The overall primary patency rates of the patients were 88.6% (148), 71.9% (120), 53.9% (90), and 59.7% (83) at 6, 12, 18, and 24 months, respectively. However, in the cilostazol subgroup analysis, significant differences were observed in the primary patency rate between the two groups at 6, 12, 18, and 24 months (P = 0.02, P < 0.001, P < 0.001, and P < 0.001, respectively). The secondary patency was better in the cilostazol group at 12 and 24 months (P < 0.001 and P < 0.001, respectively). The Kaplan–Meier curves for the time-to-primary cumulative patency analysis showed that the patients who received cilostazol treatment for more than 3 months had a better survival rate than the patients who received treatment for at most 3 months (log rank test, P < 0.001; Fig. 2). The overall amputation-free survival rate was 45.9% (79/172), and the percentage of amputations was significantly lower in the cilostazol group than in the control group (P = 0.014). The 24-month overall survival (OS) rate was 89% (153), and there was a significant difference between the control and cilostazol groups (P = 0.029). In addition, 20.3% (n = 35) and 41.9% (n = 72) of the patients experienced CAD events at 12 and 24 months, respectively. No significant differences were detected in the occurrence of CAD at 12 and 24 months (P = 0.384 and P = 0.084) between the control and cilostazol groups. Eleven and 16 CVA events were observed at 12 and 24 months, and no significant differences were observed with regards to CVA at 12 and 24 months between the two groups.

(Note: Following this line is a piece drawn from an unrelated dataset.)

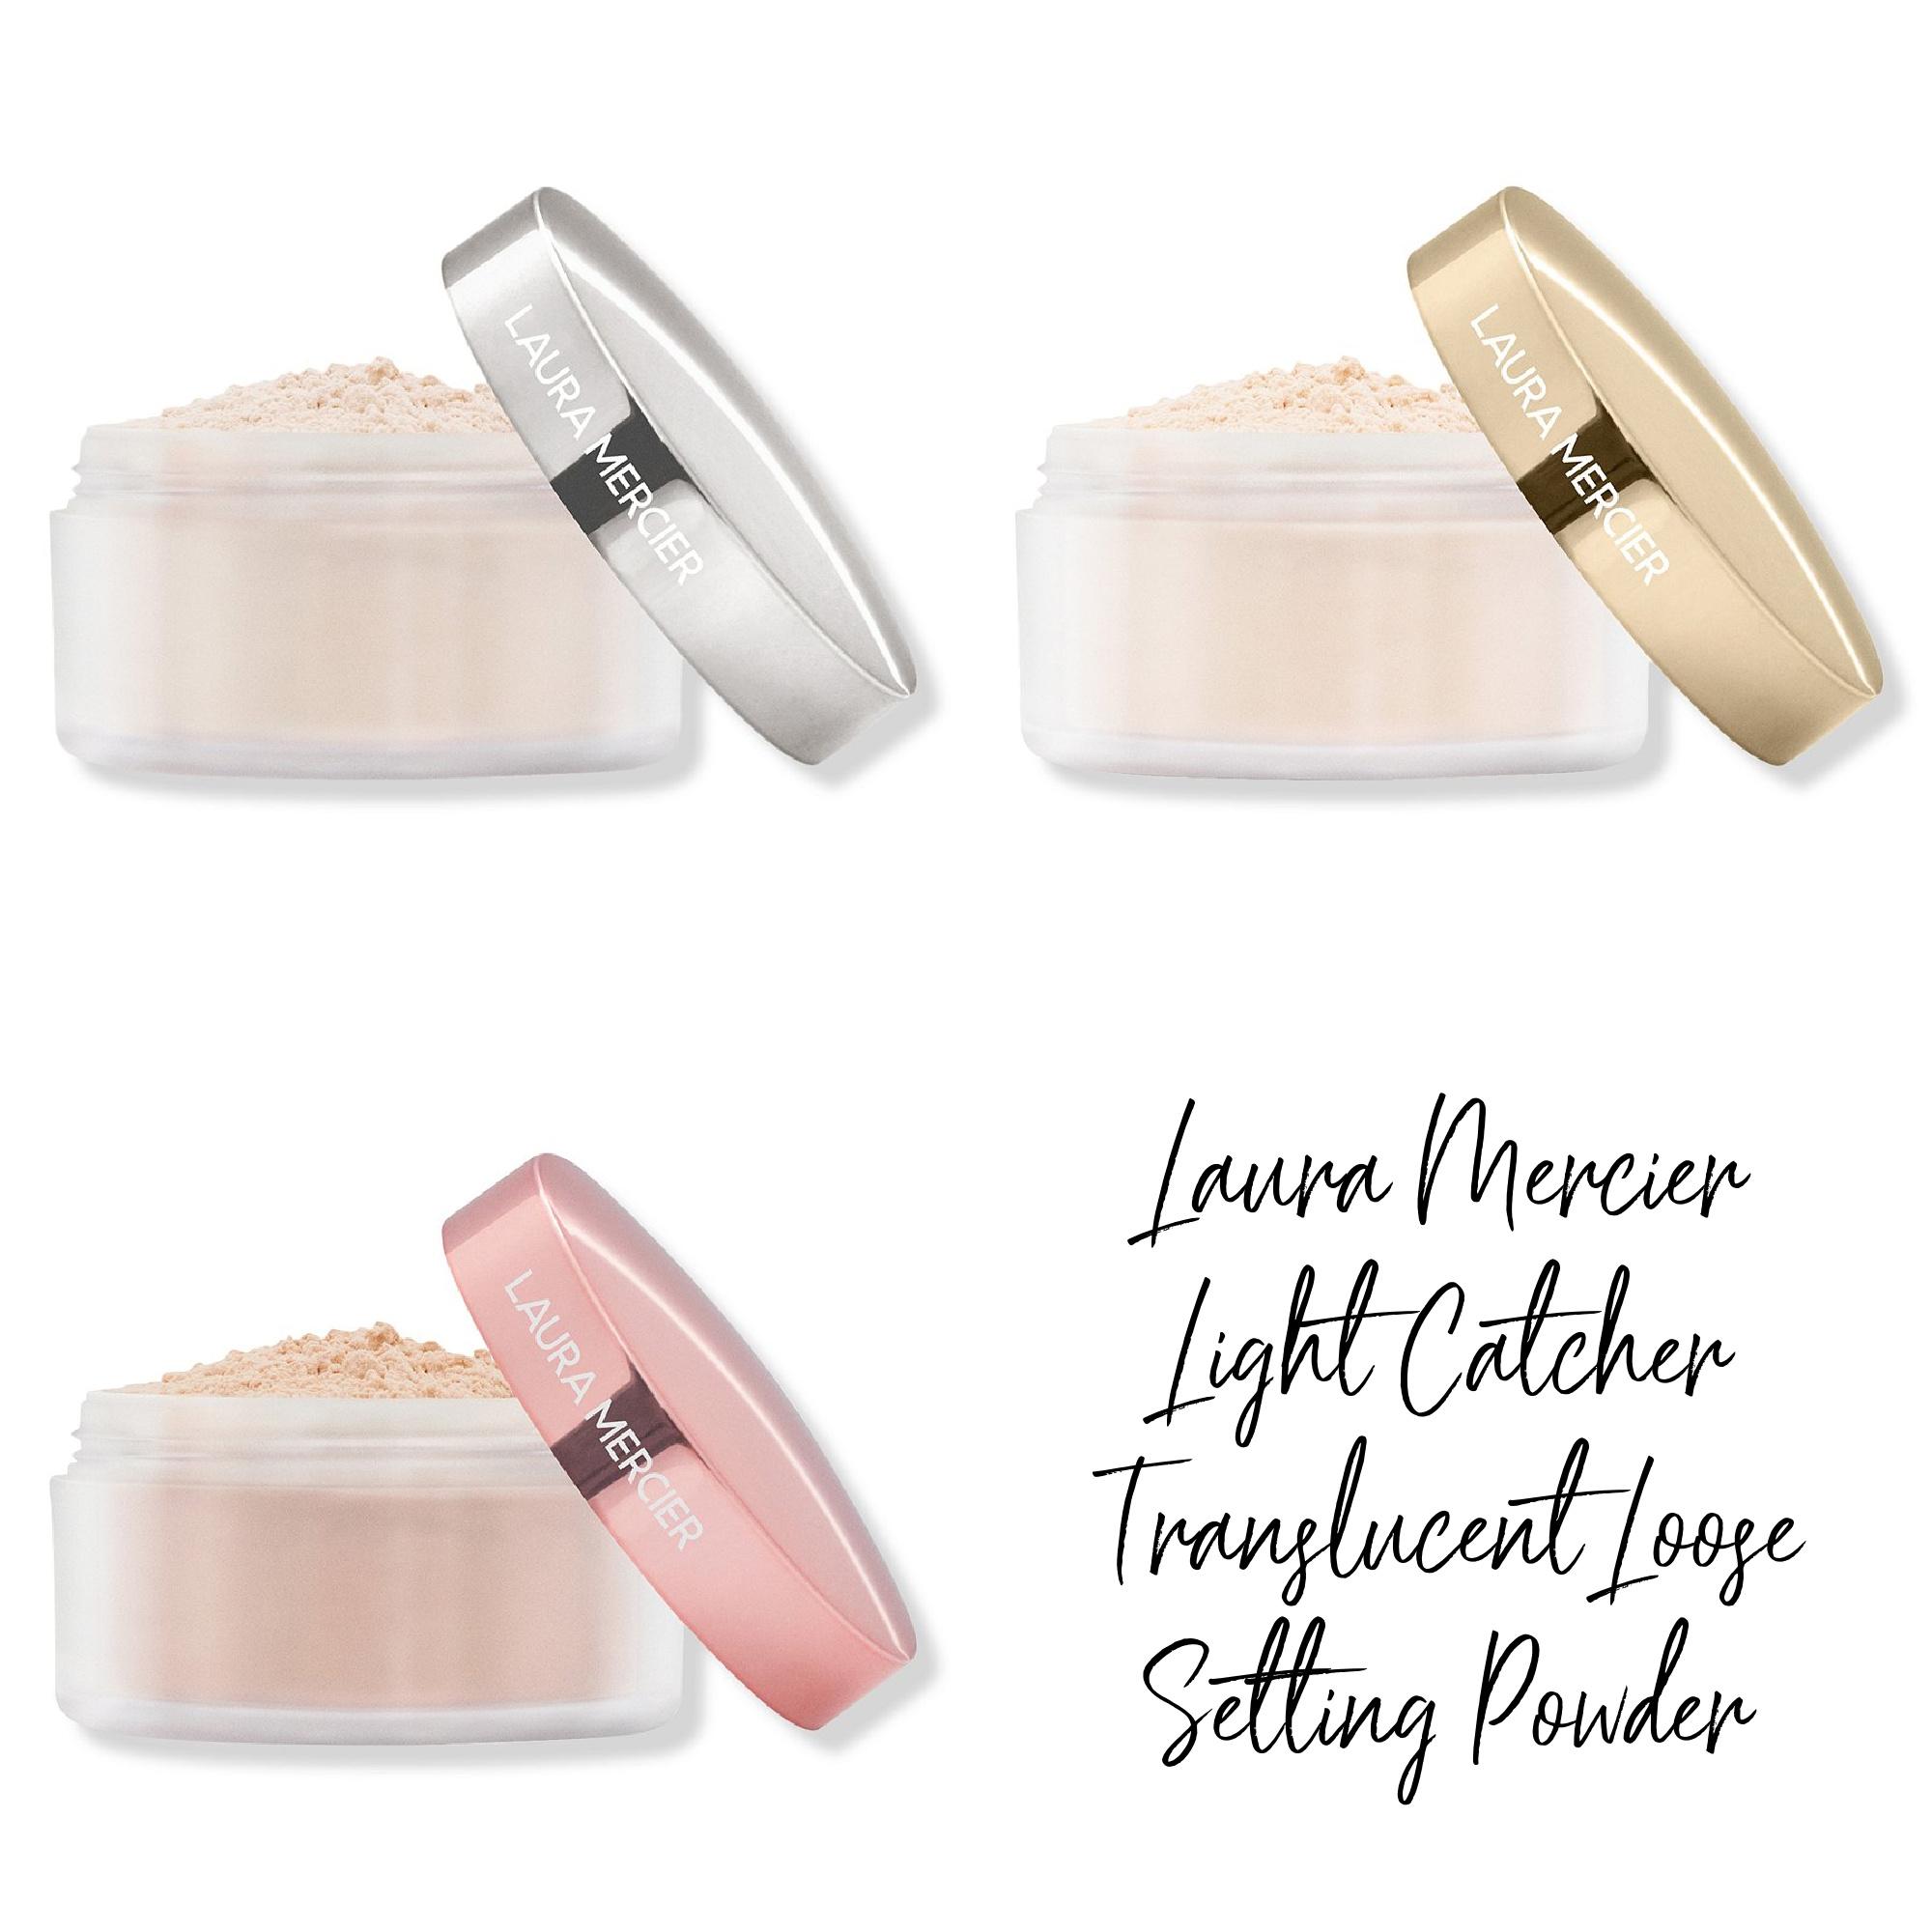 Laura Mercier Light Catcher Translucent Loose Setting Powder
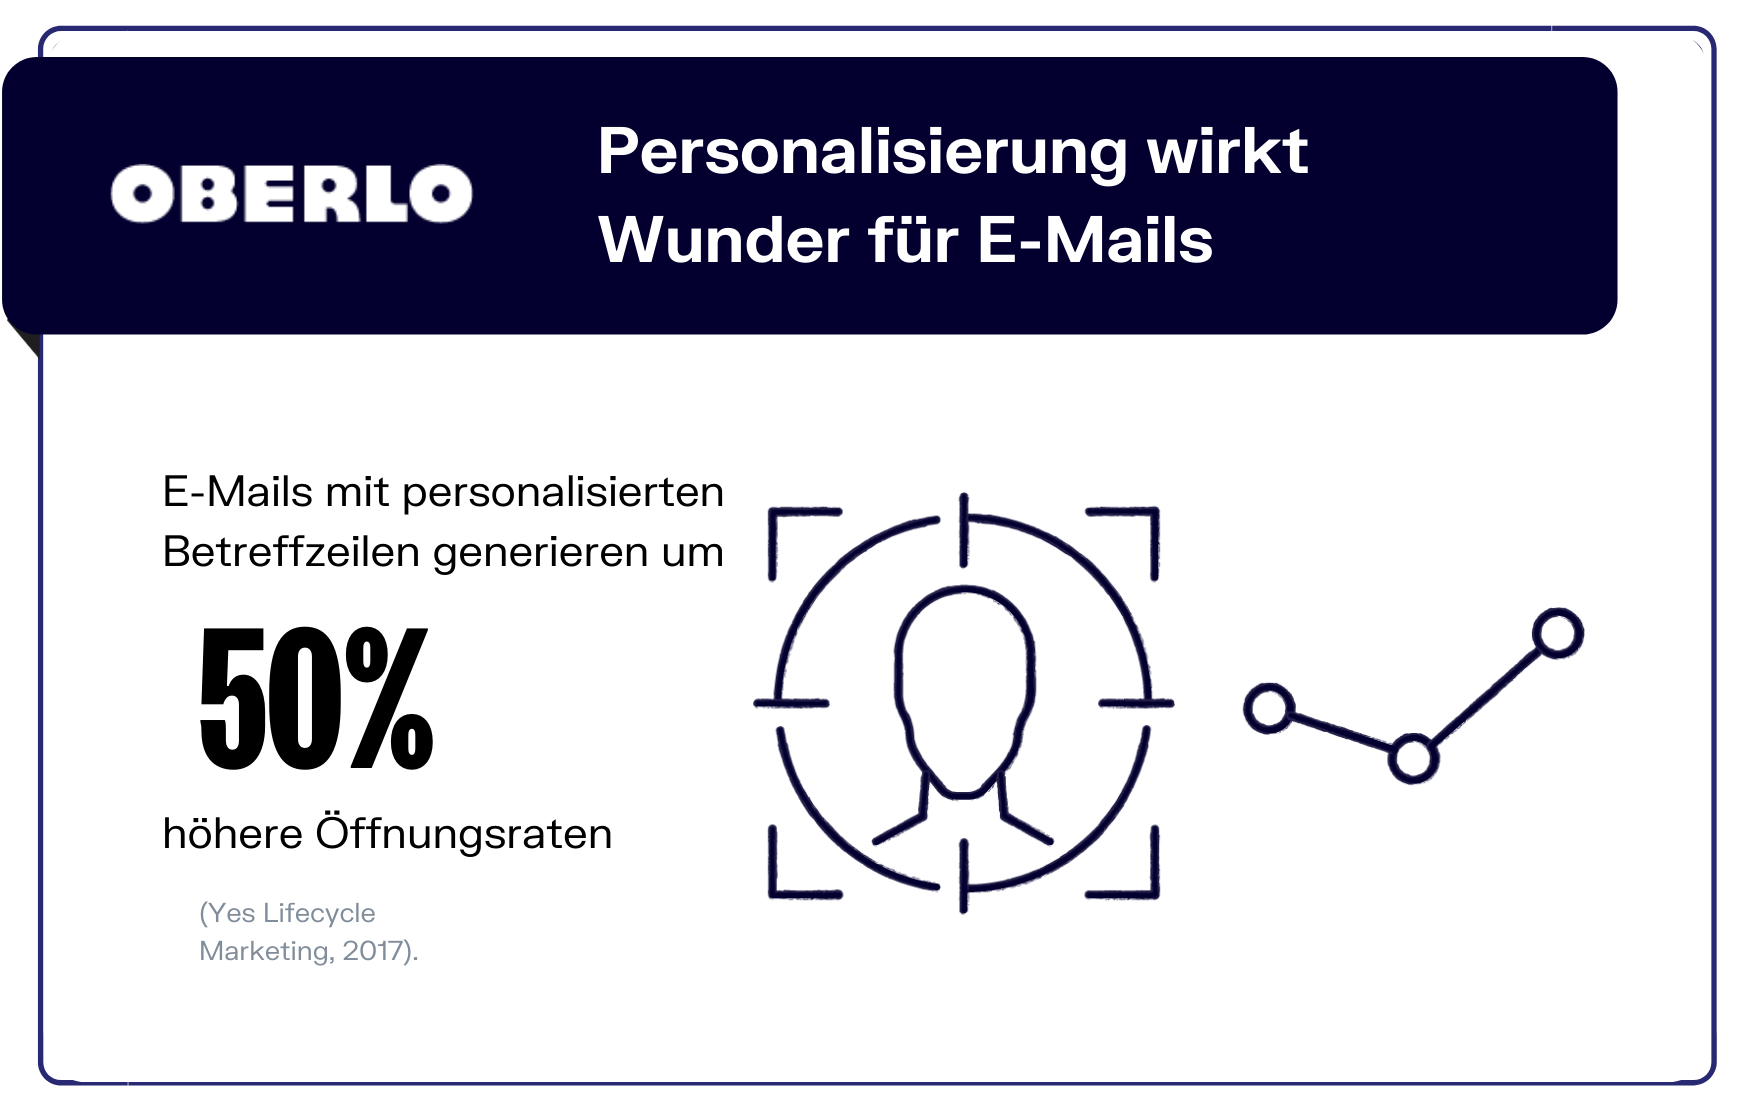 E-Mail-Marketing Statistik Personalisierung

Nineteen patients died during the 24-month follow-up period. Of these, nine patients died of cardiogenic shock related to ischemic heart disease and seven patients died owing to sepsis as a result of diabetes-related foot complications. The remaining three uremic patients died of complications of major surgery and sepsis related to pneumonia.
Patients who received cilostazol treatment for more than 3 months had a better patency rate than patients who received treatment for at most 3 months (log rank test, P < 0.001)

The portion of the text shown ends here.